(Data supplied):
-=-=-=-=-
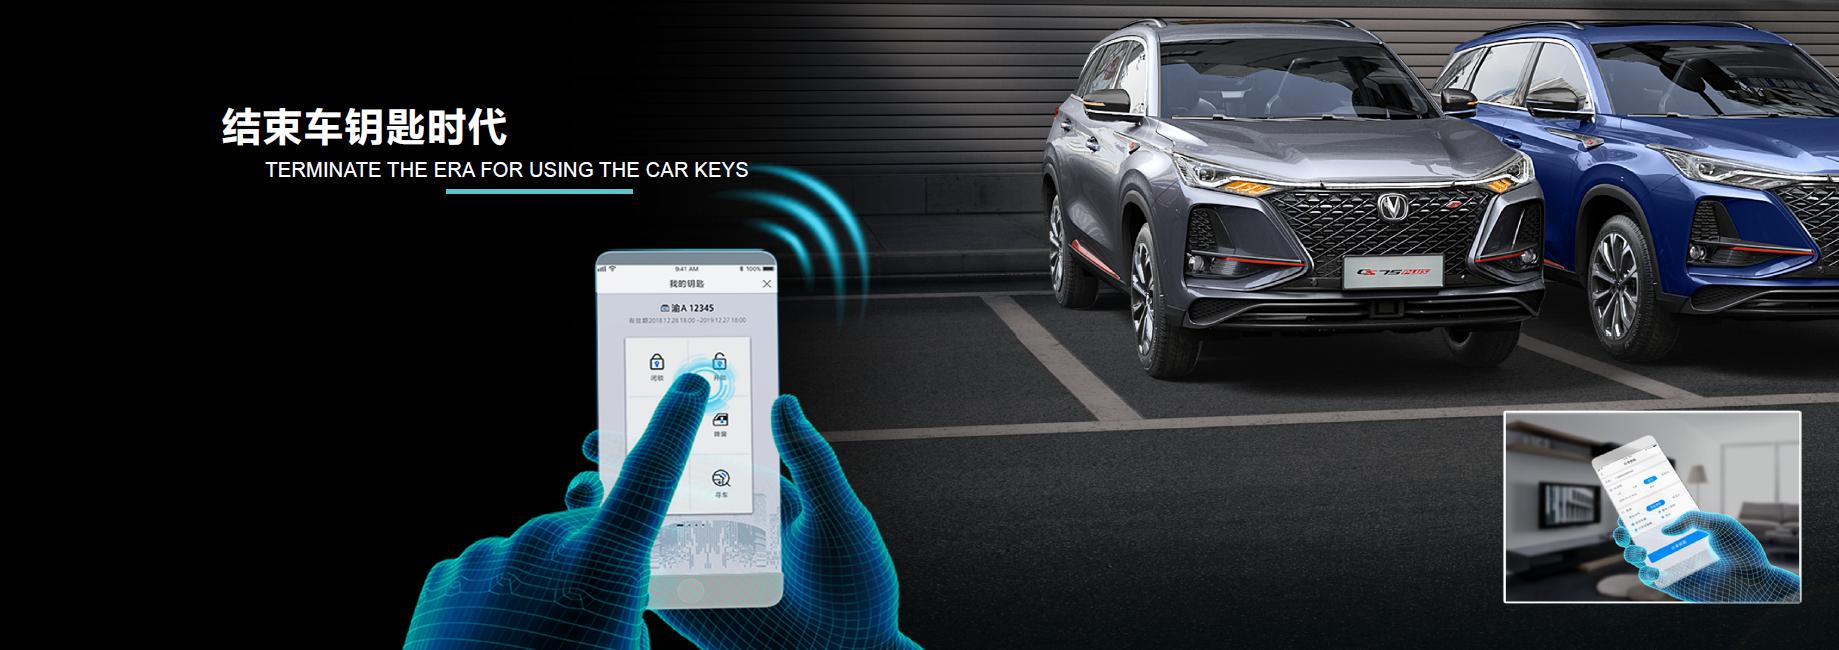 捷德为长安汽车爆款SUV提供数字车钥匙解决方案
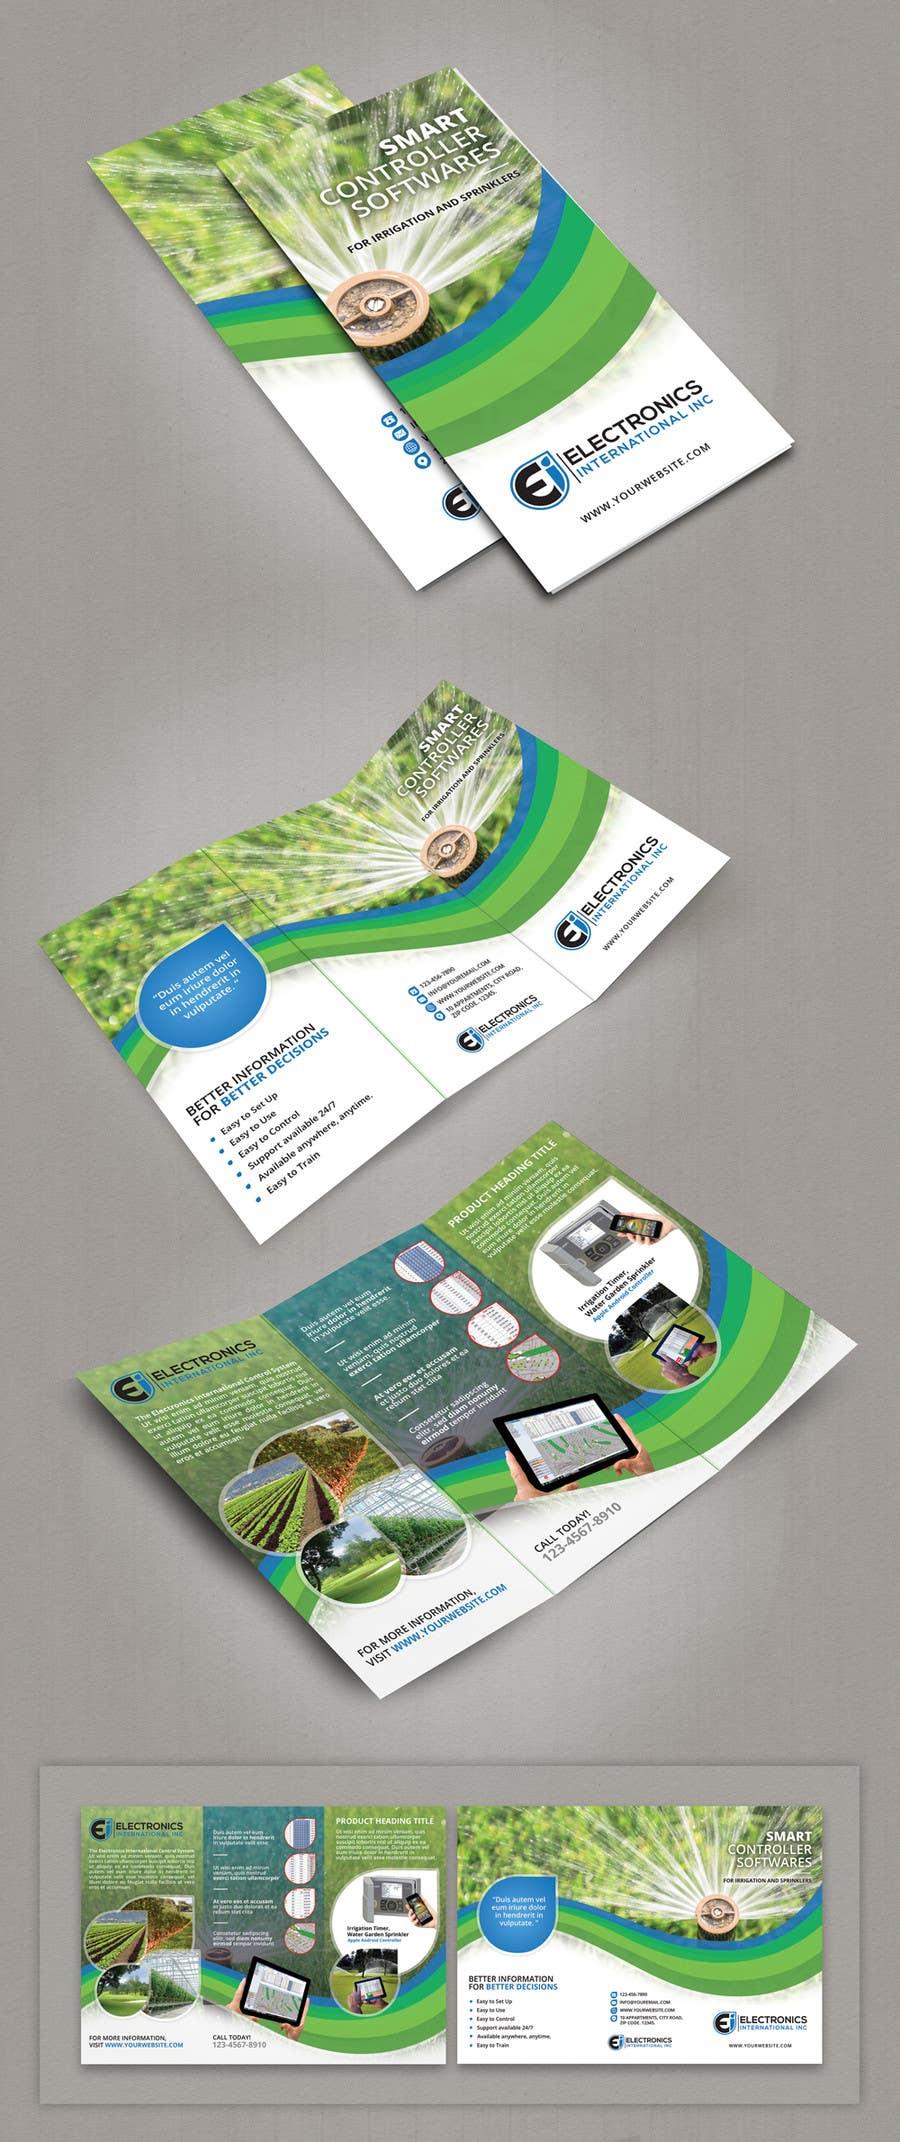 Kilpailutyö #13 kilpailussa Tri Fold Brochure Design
-=-=-=-=-
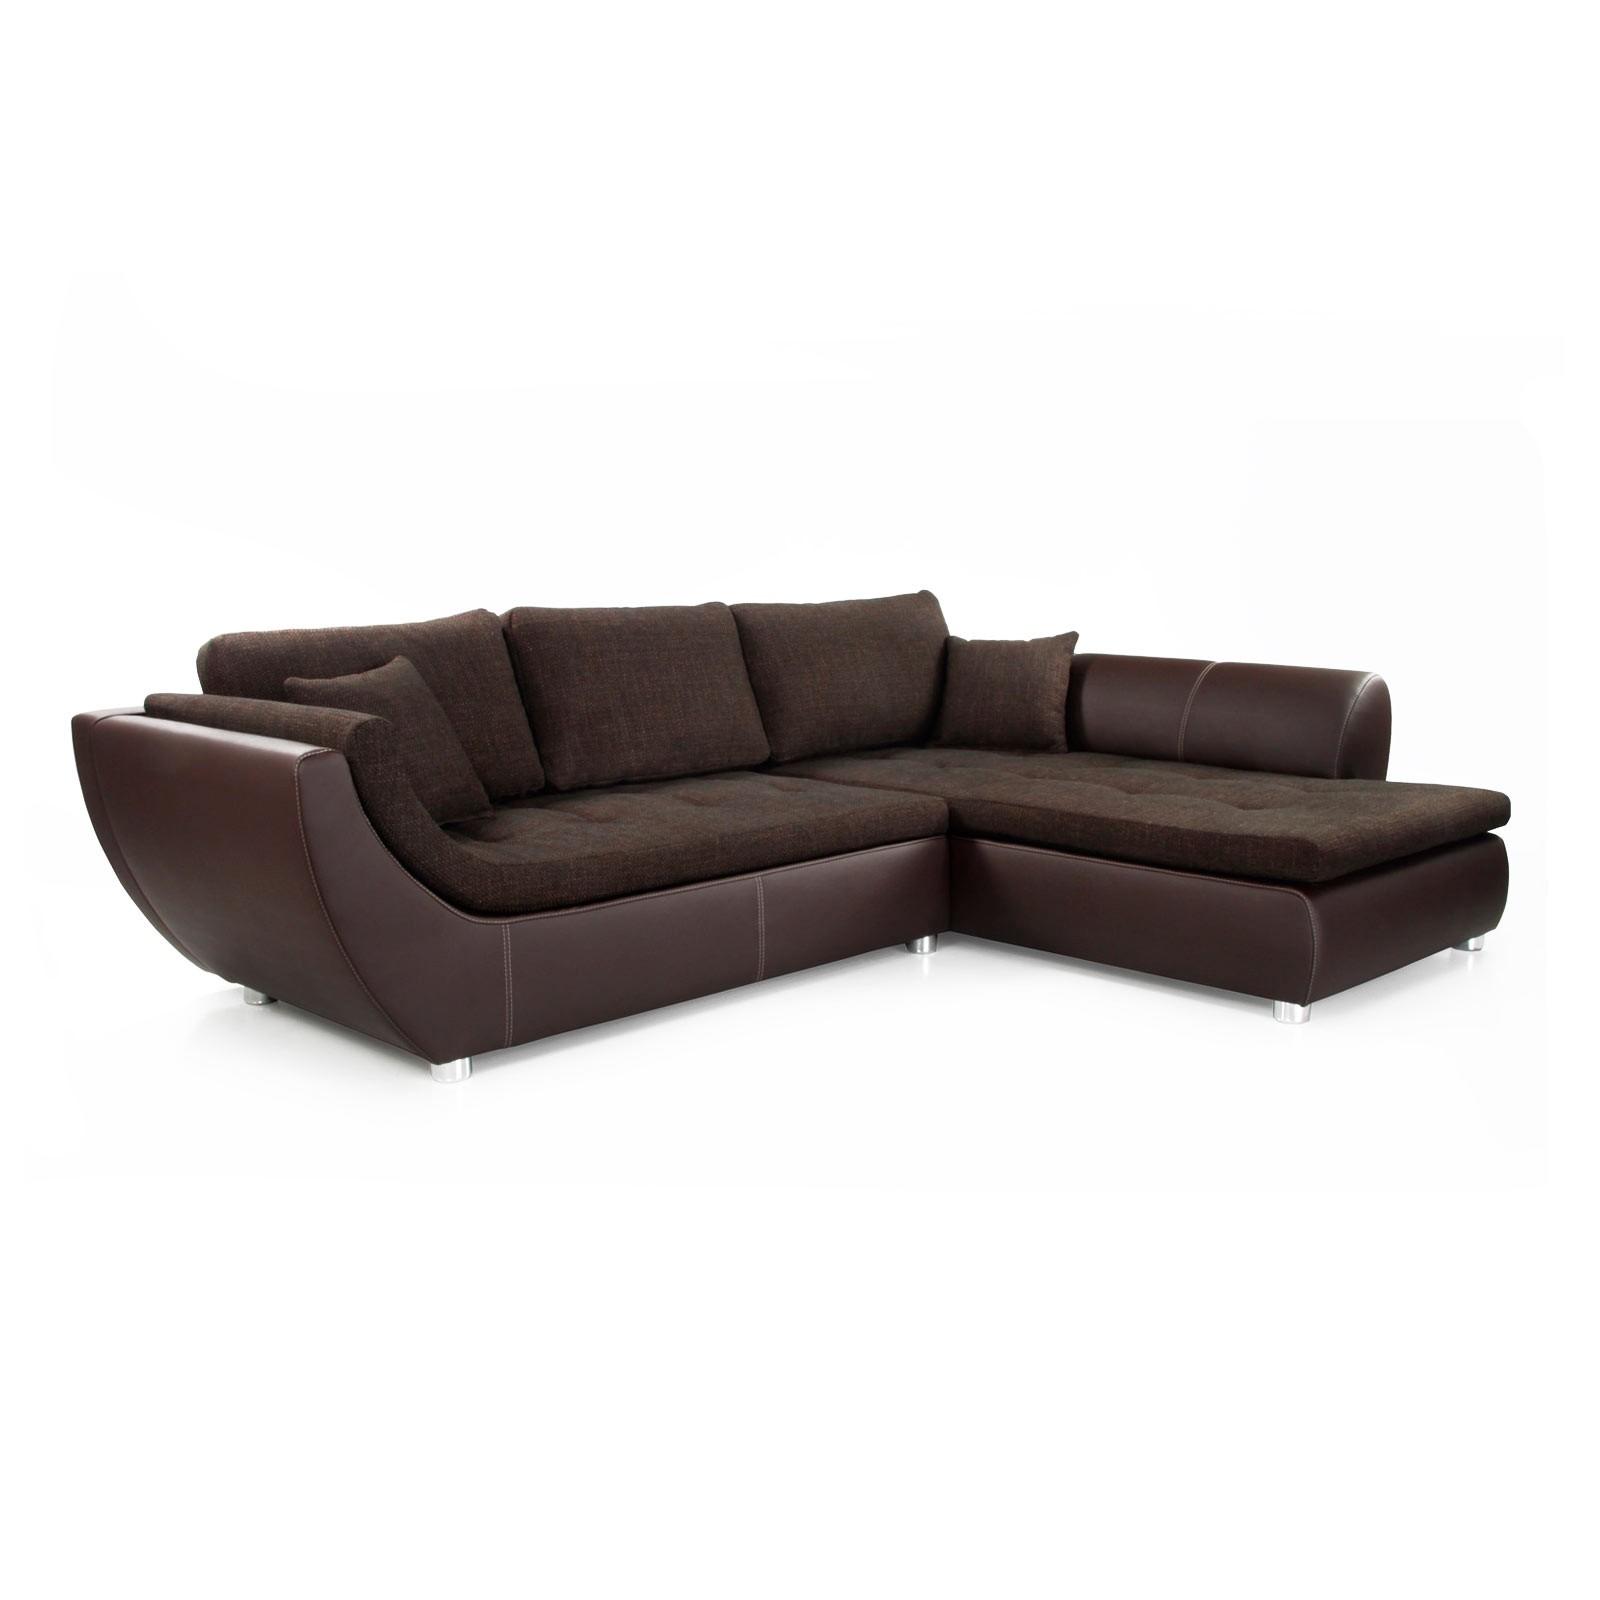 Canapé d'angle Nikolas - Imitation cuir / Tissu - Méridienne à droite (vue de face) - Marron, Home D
-=-=-=-=-
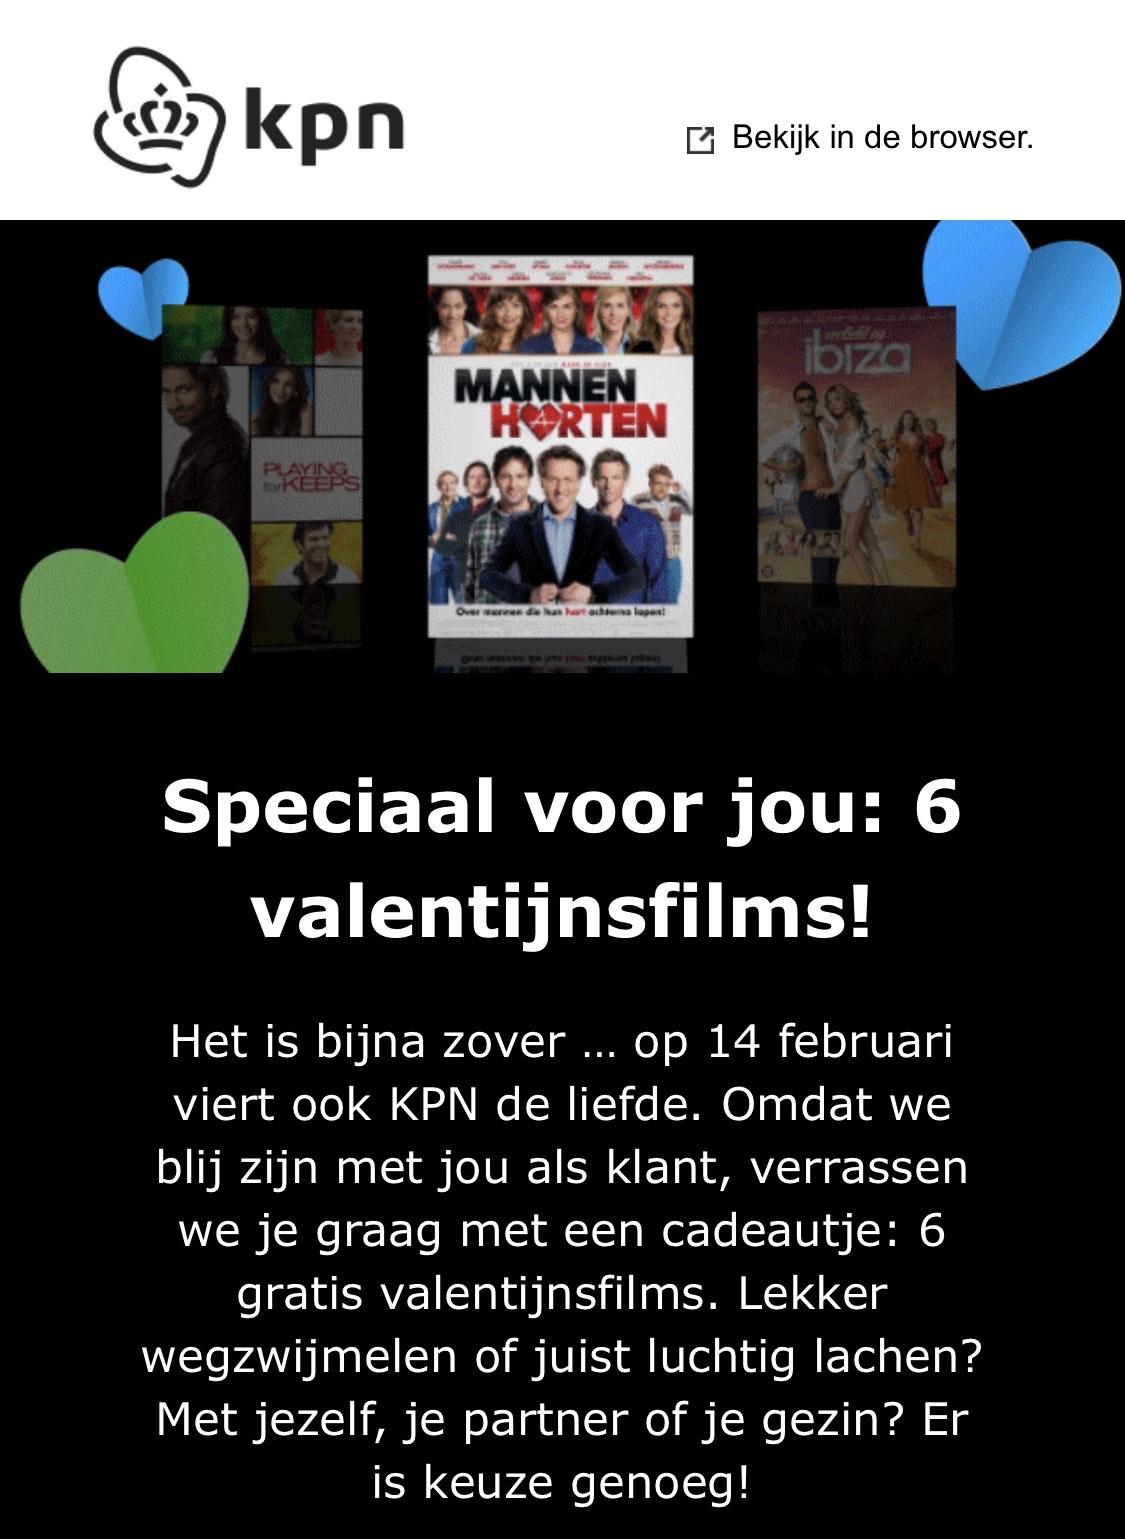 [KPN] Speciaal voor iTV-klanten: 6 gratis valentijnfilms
-=-=-=-=-
(Aim of the task): Above is the material; set down exactly its lines from the one containing "捷德为长安汽车爆款SUV提供数字车钥匙解决方案" down to the one containing "Kilpailutyö #13 kilpailussa", both included, leaving out any pictures.

(Your response):
 捷德为长安汽车爆款SUV提供数字车钥匙解决方案
 Kilpailutyö #13 kilpailussa Tri Fold Brochure Design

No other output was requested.